RREST only support JSON & XML for input/output, so valid mime-types are:
application/json
,application/x-json
,text/xml
,application/xml
&application/x-xml
.
If you define your API endpoint as https only, RREST will validate that.
Depending of the Content-Type
header, RREST will validate:
- if the format (
JSON
orXML
) is valid - if it follow the schema (
JSON Schema
orXML Schema
)
The schema is required by RREST, you must define it in your APISPec.
This will ensure that data input is valid.
Depending of the Accept
header, RREST will validate:
- if the format (
JSON
orXML
) is valid - if it follow the schema (
JSON Schema
orXML Schema
)
A schema is not required by RREST for a response. But this is a security to be sure that your response respect your APISpec and your documentation based on it.
If query parameters & request body payload are valid, RREST will convert to the type define in the APISPec.
At the end in the controller, you will have true json, xml for payload & integer, boolean... for query parameters.

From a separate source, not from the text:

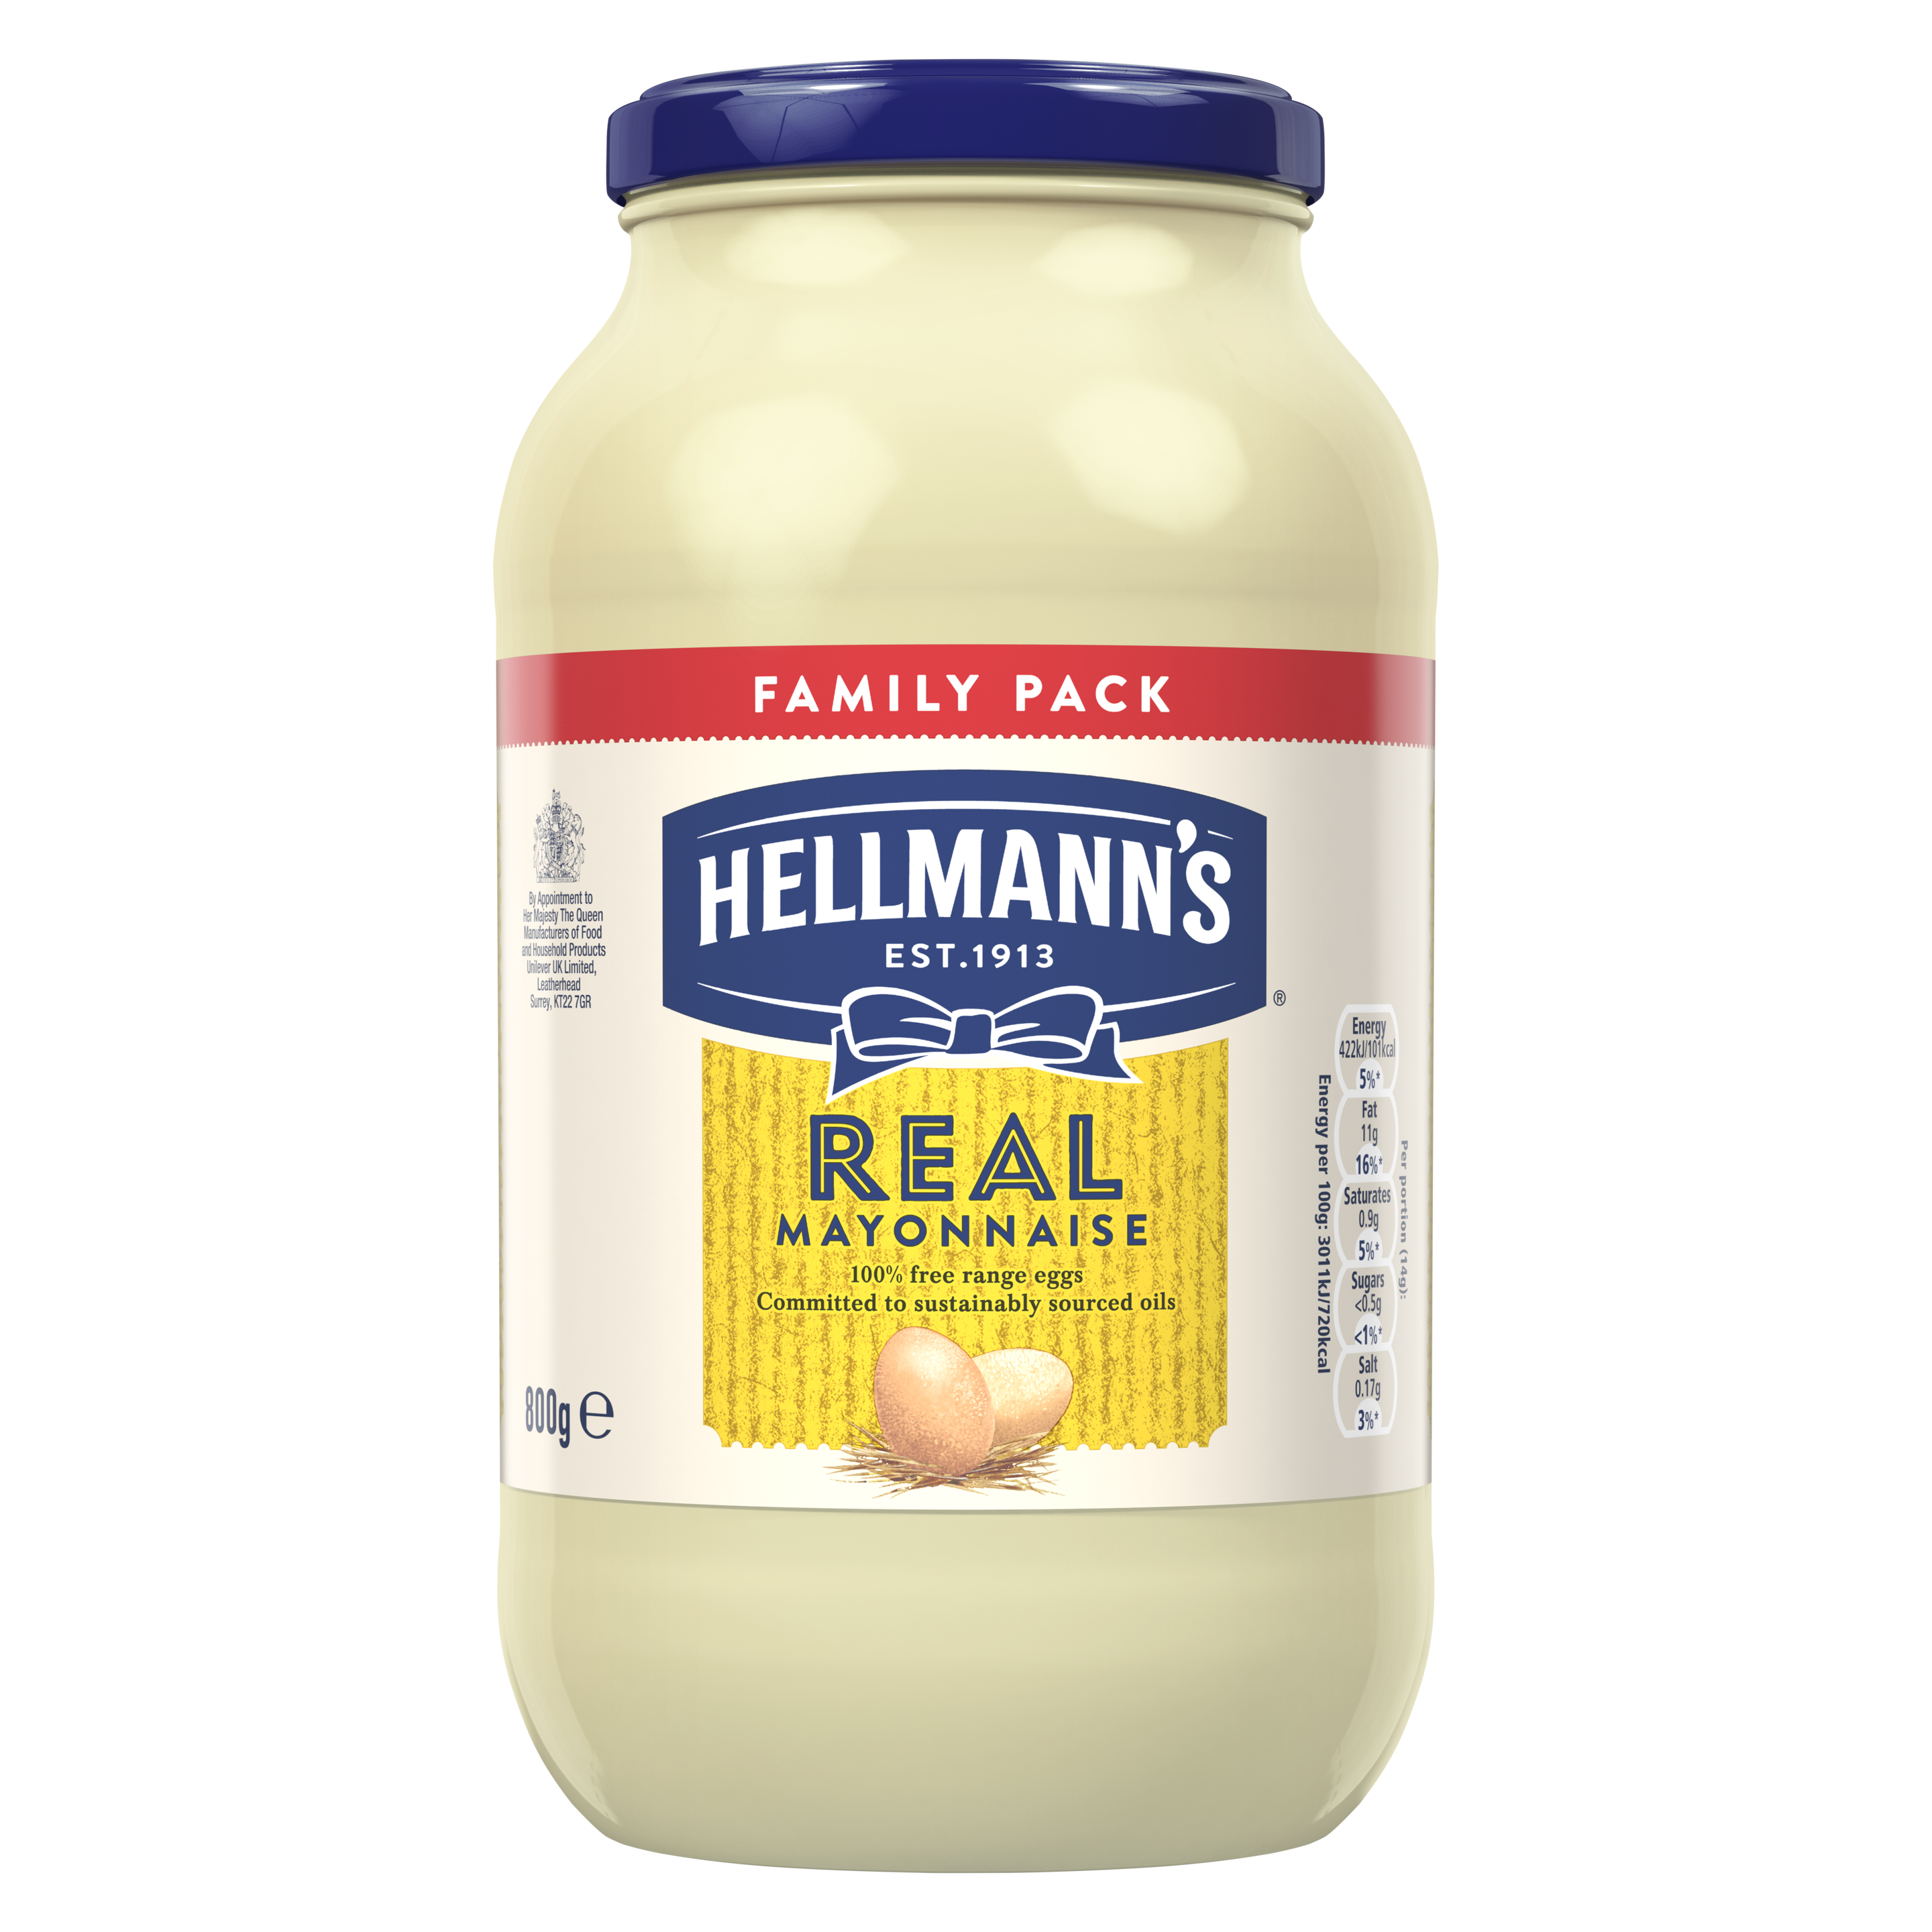 Hellmann's BBQ Sauce 250ml ❤️ home delivery from the store

RREST bind the route to a controller by following this convention:
POST /item/
->Controllers\Item#postAction
GET /item/{itemId}/
->Controllers\Item#getAction
GET /item/{itemId}/comment
->Controllers\Item\Comment#getAction
PUT /item/{itemId}/comment/{commentId}
->Controllers\Item\Comment#putAction
note you can define the controller namespace (here Controllers) in the RREST\RREST constructor
A RREST\Response
is injecting into the controller with pre-filled values based on the APISpec or errors/exceptions that occur during the handling of a request.
You only need to fill response data to this object because the rest is configured:
- status code: 200 , 201 for
POST
, 40x ... - header
Content-Type
when the response have a payload body - the data will be serialized by RREST based on the
Content-Type
(you can provided serialized data too and disable the auto-serialization)
If you are in a POST
request, you can set the location of the newly resource.
<?php
//Use Silex for Router
namespaces Controllers
use Silex\Application;
use Symfony\Component\HttpFoundation\Request;
use RREST\Response;
class Resource
{
//note the $response is a RREST\Response
public function postAction(Application $app, Request $request, Response $response)
{
$data = ''; // coming from your business logic
$response->setContent($data); // set the data
$response->setLocation($url); // in a POST request, you can define the location of the newly resource
return $response->getRouterResponse(); //return the Router response configured
}
public function getAction(Application $app, Request $request, Response $response, $resourceId)
{
$data = json_encode(''); // coming from your business logic
$response->setContent($data); // set the data
return $response->getRouterResponse(false); //disable the auto-serialization
}
}
?>
- JSON
- XML
- RAML
- More coming soon
- Silex
- More coming soon
Code following PSR2 convention. A git hook is launching before every commit to fix most of the PSR2 typo/error.
Launch unit test:
./vendor/bin/atoum
All those projects make an amazing work:
But they are frameworks. And all the magics come with dependencies like ORM, other frameworks, response format...
I want:
- to write a REST API with a specification language like RAML, Swagger...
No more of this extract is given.